TO DO> All pictures are to be omitted while the lines starting at the line with "Herbst ländliche Landschaft" and ending at the line with "ZMH LED Wandleuchte" in the material below are retyped exactly, both ends included.

GIVEN INFORMATION below:

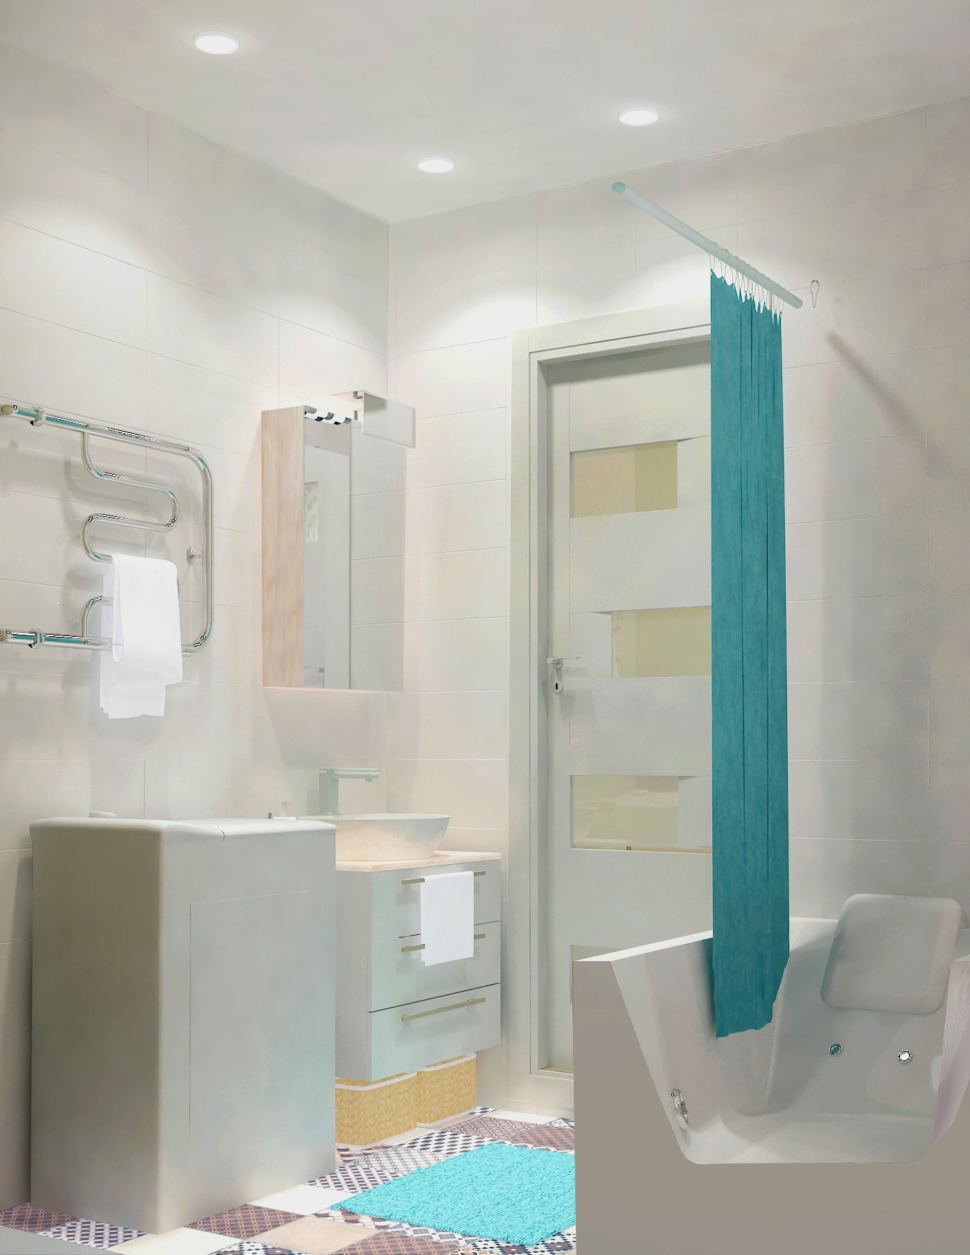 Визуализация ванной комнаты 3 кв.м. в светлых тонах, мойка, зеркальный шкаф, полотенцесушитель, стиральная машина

End of GIVEN INFORMATION.
GIVEN INFORMATION below:

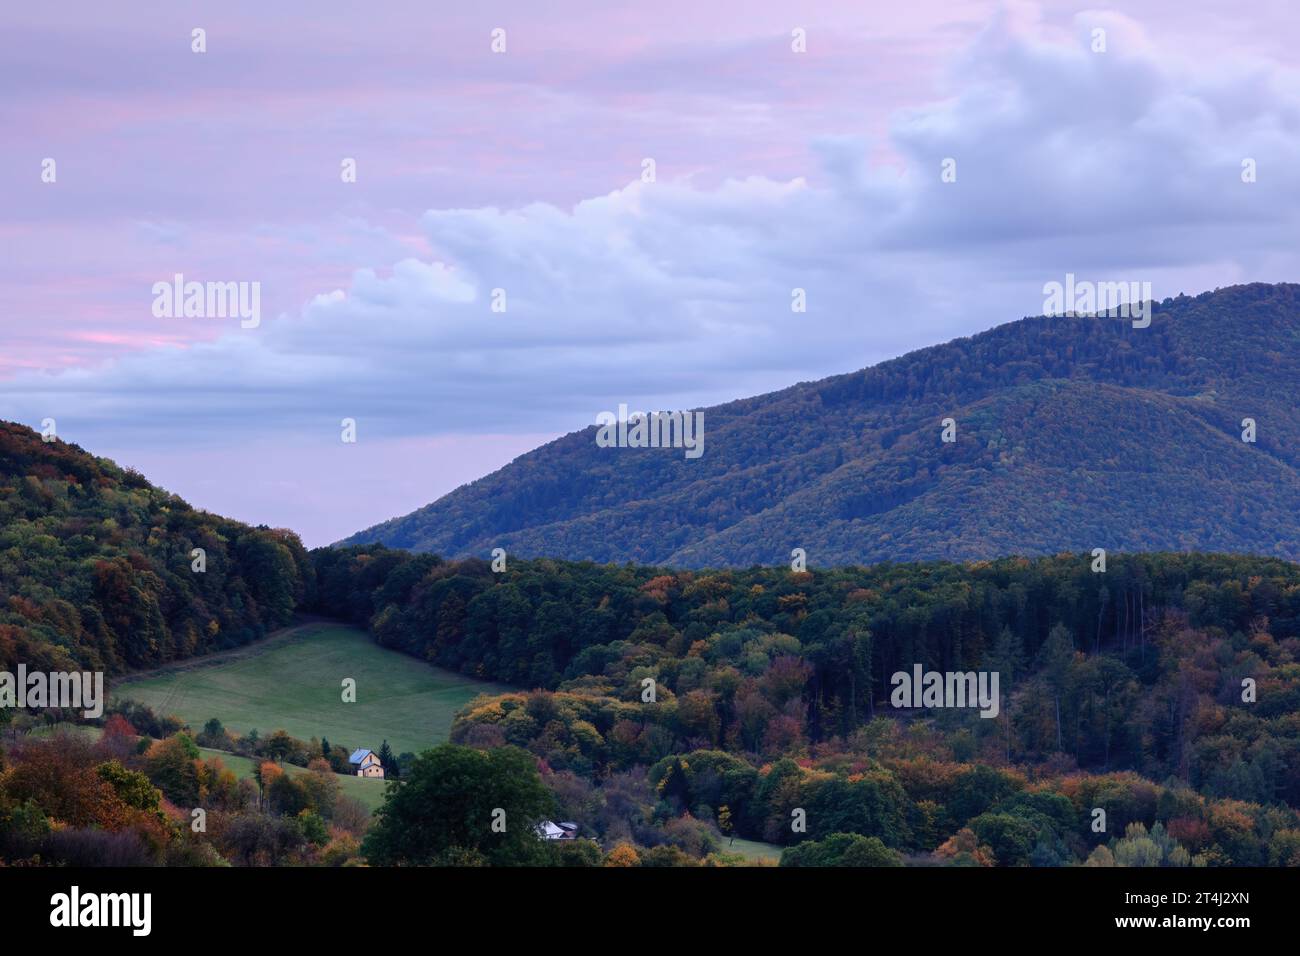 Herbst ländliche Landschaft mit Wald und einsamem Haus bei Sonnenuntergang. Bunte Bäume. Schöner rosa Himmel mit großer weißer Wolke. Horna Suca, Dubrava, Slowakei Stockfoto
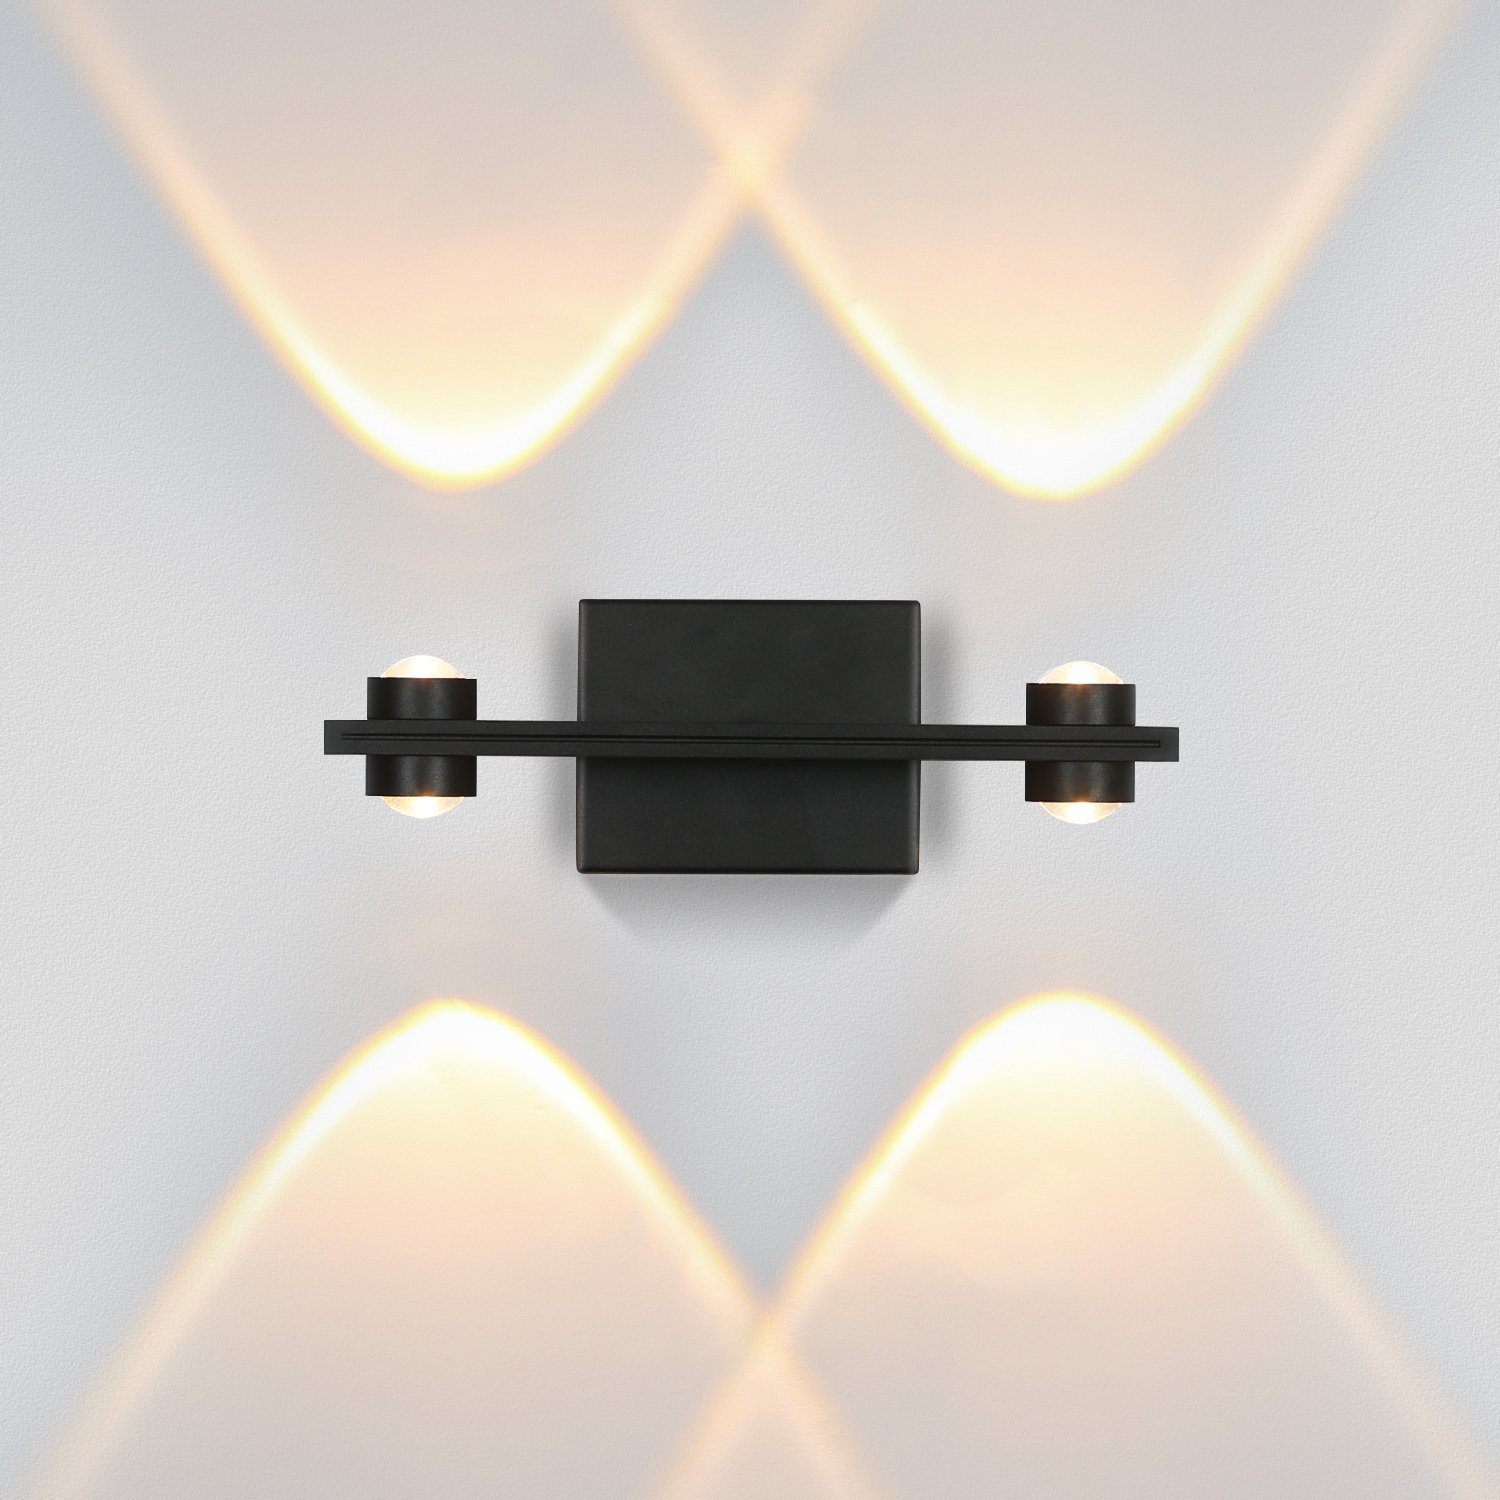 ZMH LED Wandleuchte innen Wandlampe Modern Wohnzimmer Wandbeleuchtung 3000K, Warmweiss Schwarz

End of GIVEN INFORMATION.

RESULT OF THIS EXERCISE>
 Herbst ländliche Landschaft mit Wald und einsamem Haus bei Sonnenuntergang. Bunte Bäume. Schöner rosa Himmel mit großer weißer Wolke. Horna Suca, Dubrava, Slowakei Stockfoto
 ZMH LED Wandleuchte innen Wandlampe Modern Wohnzimmer Wandbeleuchtung 3000K, Warmweiss Schwarz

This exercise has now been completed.